AI-based Metamaterial Design

Interdisciplinary Areas: Data and Engineering Applications

Project Description

This project will explore the development of design tools for elastic engineered material and metastructures leveraging the latest machine learning technologies. Engineered materials systems have opened new, unexpected, and exciting paths for the design of electromagnetic and acoustic devices that only few years ago were considered completely out of reach. Relevant examples range from near-zero index materials to the more recent class of topological materials.
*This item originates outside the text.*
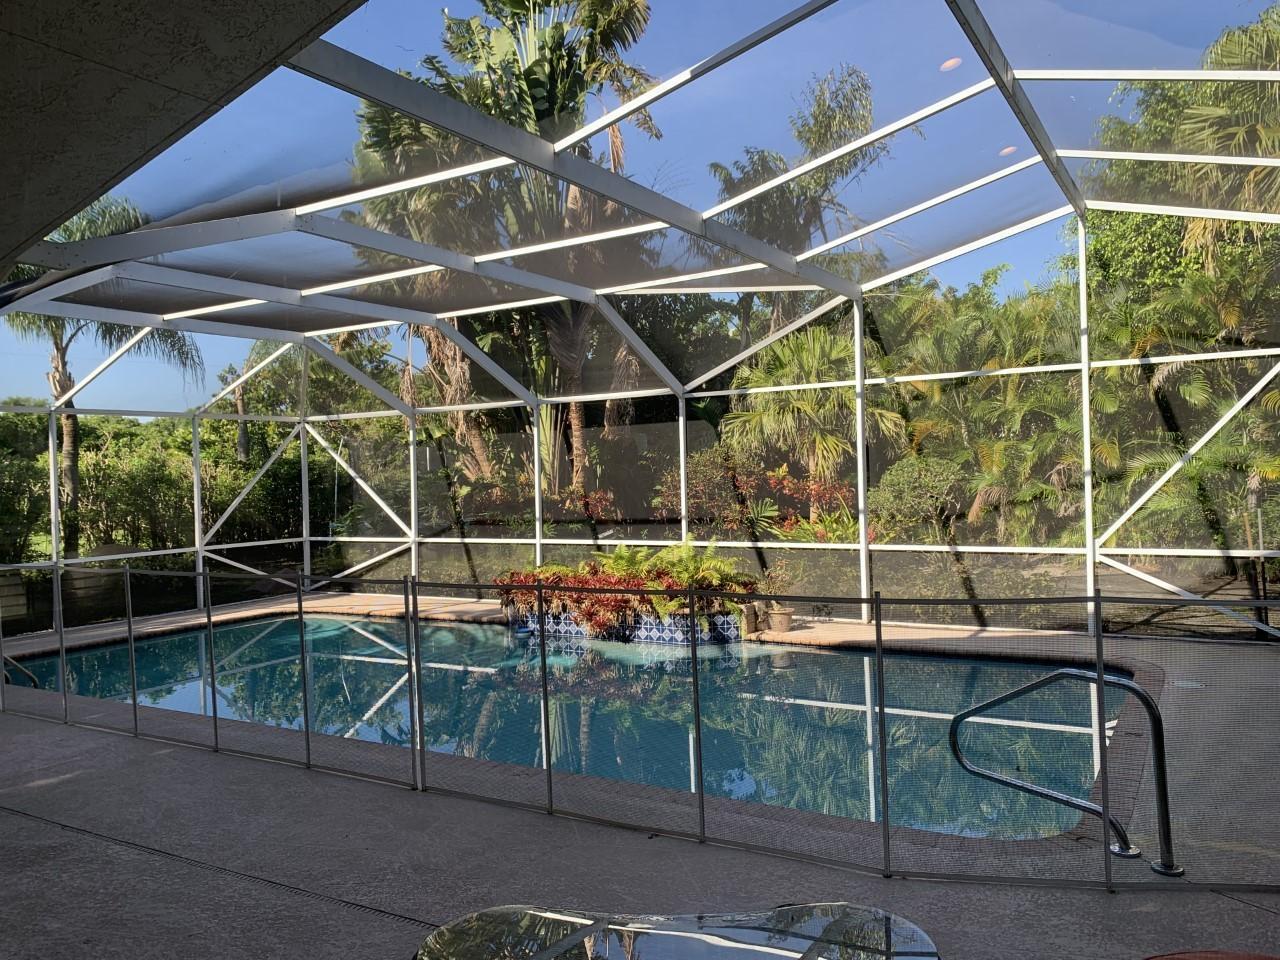 9164 Long Lake Palm Drive, Boca Raton, FL 33496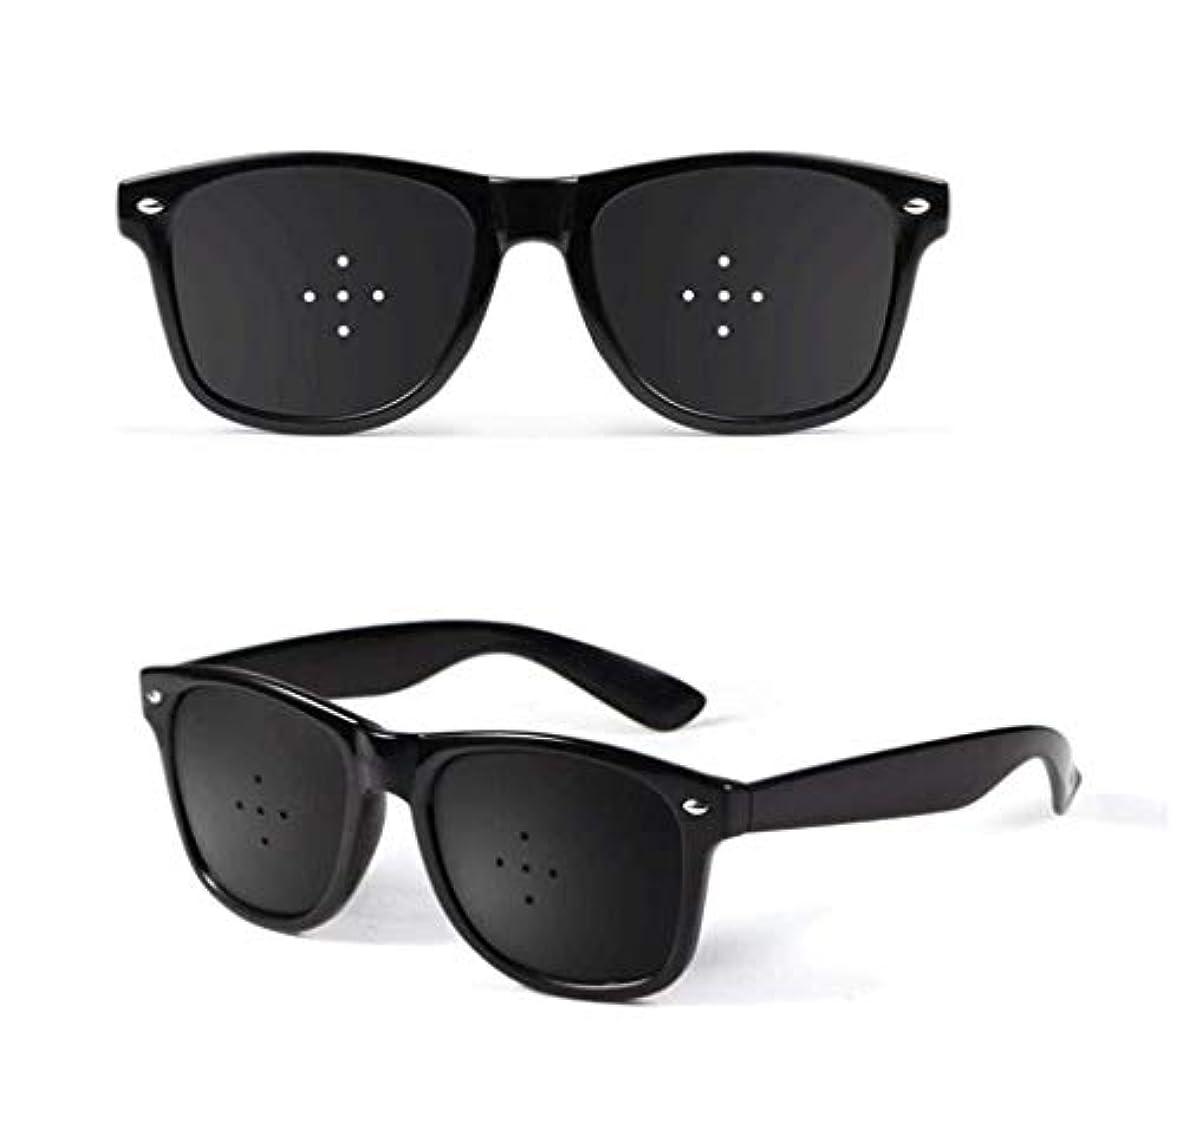 家事をする遠足法律によりユニセックス視力ビジョンケアビジョンピンホールメガネアイズエクササイズファッションナチュラル (Color : 黒)

The design space offered by these different types of engineered materials is virtually unbounded and, for the most part, unexplored. The lack of proper design methodologies capable of selectively probing the design space in search of specific material functionalities is one of the major obstacles on the path towards practical applications. Current methods based on physics-driven or numerical (optimization) techniques are largely inadequate to deal with these complex design problems. The postdoctoral student will perform theoretical, numerical, and experimental work at the interface between continuum mechanics, wave propagation, and artificial intelligence. The selected candidate will utilize the state of the art facilities at Purdue’s Smart Informatix Laboratory, Structural Health Monitoring and Dynamics Laboratory, and Ray W. Herrick Laboratories in order to perform computations, material fabrication and experiments.


Start Date

August, 15, 2024


Postdoc Qualifications

PhD in Mechanical Engineering, Civil Engineering, Aerospace Engineering, or closely related fields. Experience in computational and experimental continuum mechanics, Artificial Intelligence, Machine Learning, dynamics and vibrations is preferred.



Mohammad R. Jahanshahi
Associate Professor of Civil Engineering
Associate Professor of Electrical and Computer Engineering (courtesy)
Smart Informatix Laboratory

Fabio Semperlotti
Professor of Mechanical Engineering
Professor of Aeronautics and Astronautics Engineering (courtesy)
Structural Health Monitoring and Dynamics Laboratory


Short Bibliography

1. Rih-Teng Wu, Mehdi Jokar, Mohammad R. Jahanshahi and Fabio Semperlotti, (2022), "A physics-constrained deep learning based approach for acoustic inverse scattering problems," Mechanical Systems and Signal Processing, 2022, Vol. 164, 108190, DOI: 10.1016/j.ymssp.2021.108190.
2. Rih-Teng Wu, Ting-Wei Liu, Mohammad R. Jahanshahi, Fabio Semperlotti, (2021), "Design of one-dimensional acoustic metamaterials using machine learning and cell concatenation," Structural and Multidisciplinary Optimization, 2021, Vol: 63, No. 5, 2399–2423, DOI: 10.1007/s00158-020-02819-6..
3. Zhu H., Liu T. W., Semperlotti, F., “Design and experimental observation of valley-Hall edge states in diatomic-graphene-like elastic waveguides”, Phys. Rev. B, 97, 174301, 2018.
4. Zhu H., Semperlotti F., "Double-zero-index elastic phononic waveguides", Phys. Rev. Appl., 8, 064031, 2017.
5. Rih-Teng Wu and Mohammad R. Jahanshahi, (2019), "Deep convolutional neural networks for structural dynamic response estimation and system identification," Journal of Engineering Mechanics, American Society of Civil Engineers (ASCE), in press, Vol. 145, No. 1, January 2019, DOI: 10.1061/(ASCE)EM.1943-7889.0001556.